I see some people suggesting that you use rselenium, which is a way to simulate browser actions, so that the web server renders the page as if a human was visiting the site. From my experience it is almost never necessary to go down that route. The javascript part of the website is interacting with an API and we can utilize that to circumvent the Javascript part and get the raw json data directly. In Firefox (and Chrome is similar in that regard I assume) you can right-click on the website and select “Inspect Element (Q)”, go to the “Network” tab and click on reload. You’ll see that each request the browser makes to the webserver is being listed after a few seconds or less. We are interested in the ones that have the “Type” json. When you right click on an entry you can select “Open in New Tab”. One of the requests that returns json has the following URL attached to it https://www.canlii.org/en/search/ajaxSearch.do?type=decision&text=dogs%20toronto&page=1 Opening that URL in Firefox gets you to a GUI that lets you explore the json data structure and you’ll see that there is a “results” entry which contains the data for the 25 first results of your search. Each one has a “path” entry, that leads to the page that will display the embedded PDF. It turns out that if you replace the “.html” part with “.pdf” that path leads directly to the PDF file. The code below utilizes all this information.
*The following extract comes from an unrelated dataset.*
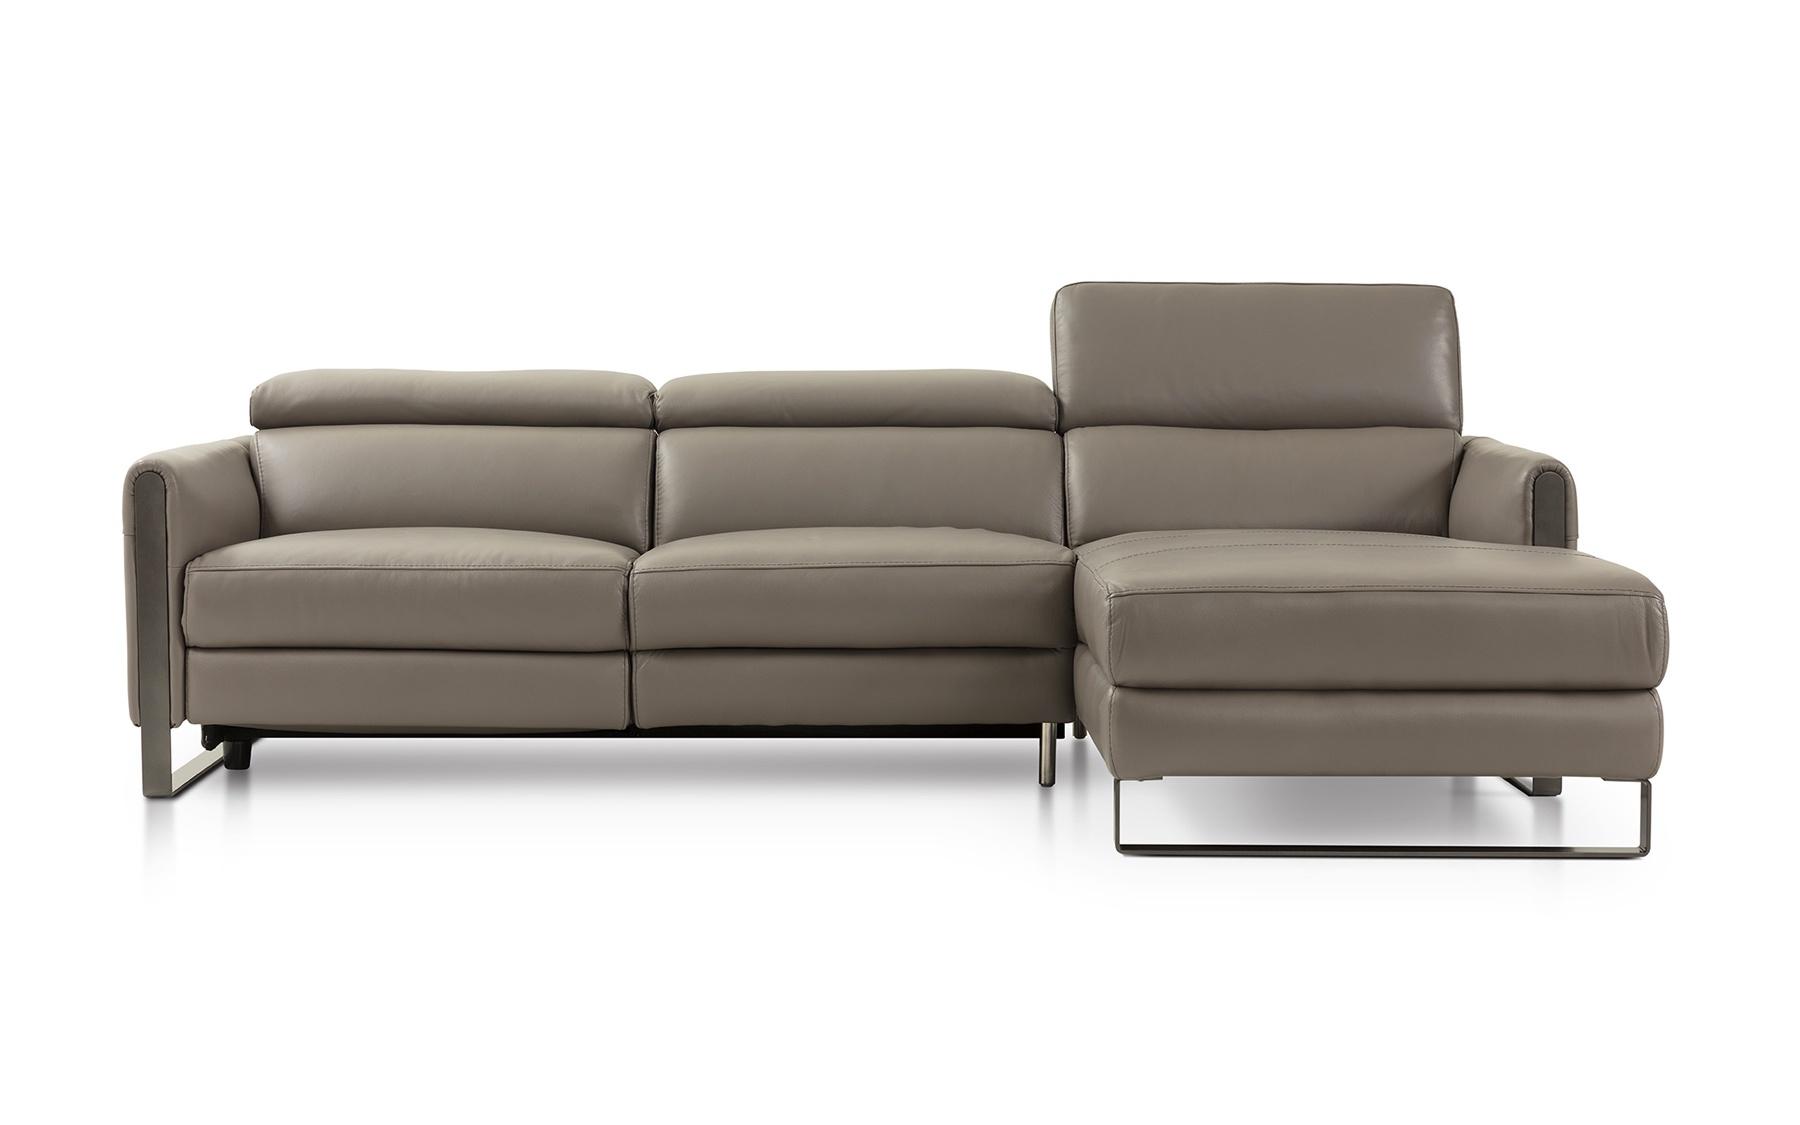 canap composable inclinable cuir 913 composables salons la galerie du meuble. Black Bedroom Furniture Sets. Home Design Ideas

library(tidyverse) # tidyverse for the pipe and for `purrr::map*()` functions.
library(httr) # this should already be installed on your machine as `rvest` builds on it
library(pdftools)
#> Using poppler version 20.09.0
library(tidytext)
library(textrank)

base_url <- "https://www.canlii.org"

json_url_search_p1 <-
  "https://www.canlii.org/en/search/ajaxSearch.do?type=decision&text=dogs%20toronto&page=1"

This downloads the json for page 1 / results 1 to 25

results_p1 <-
  GET(json_url_search_p1, encode = "json") %>%
  content()

For each result we extract the path only.

result_html_paths_p1 <-
  map_chr(results_p1$results,
          ~ .$path)

We replace “.html” with “.pdf”, combine the base URL with the path to generate the full URLs pointing to the PDFs. Last we pipe it into purrr::map() and pdftools::pdf_text in order to extract the text from all 25 PDFs.

pdf_texts_p1 <-
  gsub(".html$", ".pdf", result_html_paths_p1) %>%
  paste0(base_url, .) %>%
  map(pdf_text)

If you want to do this for more than just the first page you might want to wrap the above code in a function that lets you switch out the “&page=” parameter. You could also make the “&text=” parameter an argument of the function in order to automatically scrape results for other searches.

For the remaining part of the task we can build on the code you already have. We make it a function that can be applied to any article and apply that function to each PDF text again using purrr::map().

extract_article_summary <-
  function(article) {
    article_sentences <- tibble(text = article) %>%
      unnest_tokens(sentence, text, token = "sentences") %>%
      mutate(sentence_id = row_number()) %>%
      select(sentence_id, sentence)
    
    
    article_words <- article_sentences %>%
      unnest_tokens(word, sentence)
    
    
    article_words <- article_words %>%
      anti_join(stop_words, by = "word")
    
    textrank_sentences(data = article_sentences, terminology = article_words)
  }

This now will take a real long time!

article_summaries_p1 <- 
  map(pdf_texts_p1, extract_article_summary)

Alternatively you could use furrr::future_map() instead to utilize all the CPU cores in your machine and speed up the process.

library(furrr) # make sure the package is installed first
plan(multisession)
article_summaries_p1 <- 
  future_map(pdf_texts_p1, extract_article_summary)

Disclaimer

The code in the answer above is for educational purposes only. As many websites do, this service restricts automated access to its contents. The robots.txt explicitly disallows the /search path from being accessed by bots. It is therefore recommended to get in contact with the site owner before downloading big amounts of data. canlii offers API access on an individual request basis, see documentation here. This would be the correct and safest way to access their data.